In a chilling confessional statement, an accomplice of Rahman Bhola, a key suspect in the Baldia factory fire case, has said that the plan to set ablaze the Ali Enterprises garments factory was made at the Baldia Town sector office ground of the Muttahida Qaumi Movement (MQM), Geo News reported on Wednesday.

Ghulam Ali alias Goli testified in his statement that on the day of the incident on September 11, 2012, Kalo Dada had asked him by telephone to come to the ground.

He said that after planning the arson attack, he, along with Bhola and others, went to the factory in a white car and on motorcycles. There, he said, they closed the gates before setting the factory on fire with chemicals, leaving hundreds of labourers trapped inside.

The suspect recalled that they later came to know that the fire had engulfed the entire building. He said the attackers had weapons on them.

In what is described as the country’s worst industrial tragedy, 259 workers, including women, perished in the inferno that raged throughout the night and into the following day.

Rahman, alias Bhola,  who was the MQM sector incharge in Baldia Town at the time of the incident, recorded his confessional statement under Section 164 of the Criminal Procedure Code before a judicial magistrate (West) on December 22. 

He said he, Zubair alias Charya (wh also worked at the factory) and others, had set fire to the building.

The prime suspect said he was directed by the then head of the MQM Karachi Tanzeemi Committee, Hammad Siddiqui, to attack Ali Enterprises.

Following which, added Bhola, he, Charya and others had doused the factory with a chemical that caught fire and spread throughout the unit.

His physical remand had been extended for 10 days – until December 29 – in the December 19 hearing at an anti-terrorism court (ATC), which is the trial court.

The same ATC had also ordered arresting absconder Siddiqui through Interpol and produce him before the court.

Interpol had picked up Bhola on December 2 from a hotel in Nana, a red-light district in Thai capital Bangkok.

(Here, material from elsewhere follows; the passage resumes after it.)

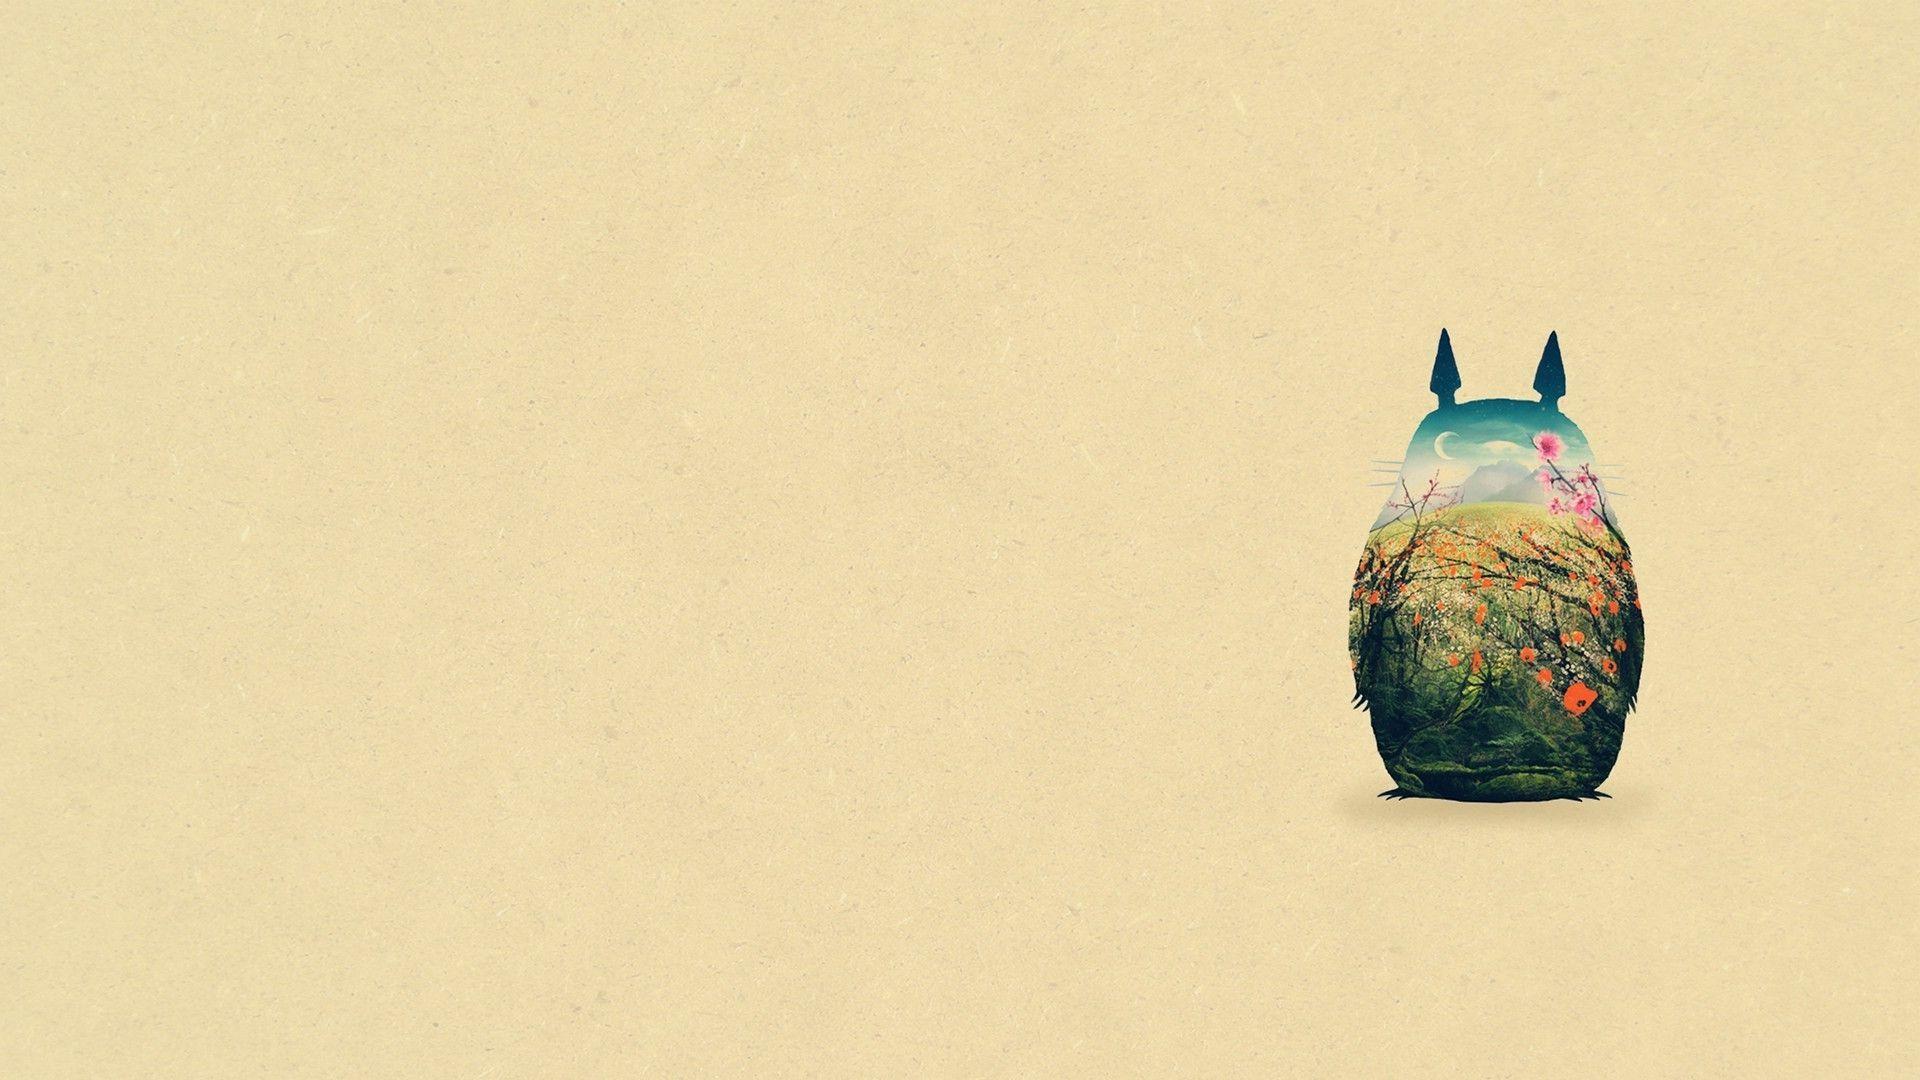 My Neighbor Totoro Wallpaper Page 1920×1080 Totoro

A team of Pakistan’s Federal Investigation Agency brought him to Karachi on December 13.

Two days later, the Sindh Home Department issued a notification of forming a joint interrogation team (JIT) to grill him.

The JIT has already submitted its report to the trial. According to the team’s investigation, Bhola had admitted starting the devastating fire.

The suspect had told the JIT that Siddiqui had demanded Rs250 million in extortion and shares in the factory from the owners, but when the owners refused to comply and offered Rs10 million instead, a hit was ordered on the unit.

The court once again issued warrants for Siddiqui and adjourned the hearing until January 12. It also ordered arresting the accused through Interpol.

Initially, owner of the factory, Abdul Aziz Bhaila, and his two sons, Arshad Bhaila and Shahid Bhaila, general manager Mansoor and three gatekeepers were charge-sheeted for their alleged negligence. However, a reinvestigation was ordered in March last year through a JIT after it was revealed in an earlier JIT report of suspect Rizwan Qureshi, submitted to the Sindh High Court in February 2015, that the factory was set on fire because its owners had failed to pay extortion money.

In March this year, the police in a progress report told the court that the fire was a planned terrorist activity and the JIT had recommended that a new case be registered under the anti-terrorism law and proposed Hammad Siddiqui, his alleged frontman Rahman Bhola, Hyderabad-based businessmen brothers Ali Hasan Qadri and Umer Hasan Qadri, Dr Abdul Sattar, Zubair Charya, and others as accused in it.

After a lengthy reinvestigation, police came up with a supplementary investigation report in August in which they charge-sheeted Siddiqui and Bhola and their three to four unidentified accomplices as absconding accused.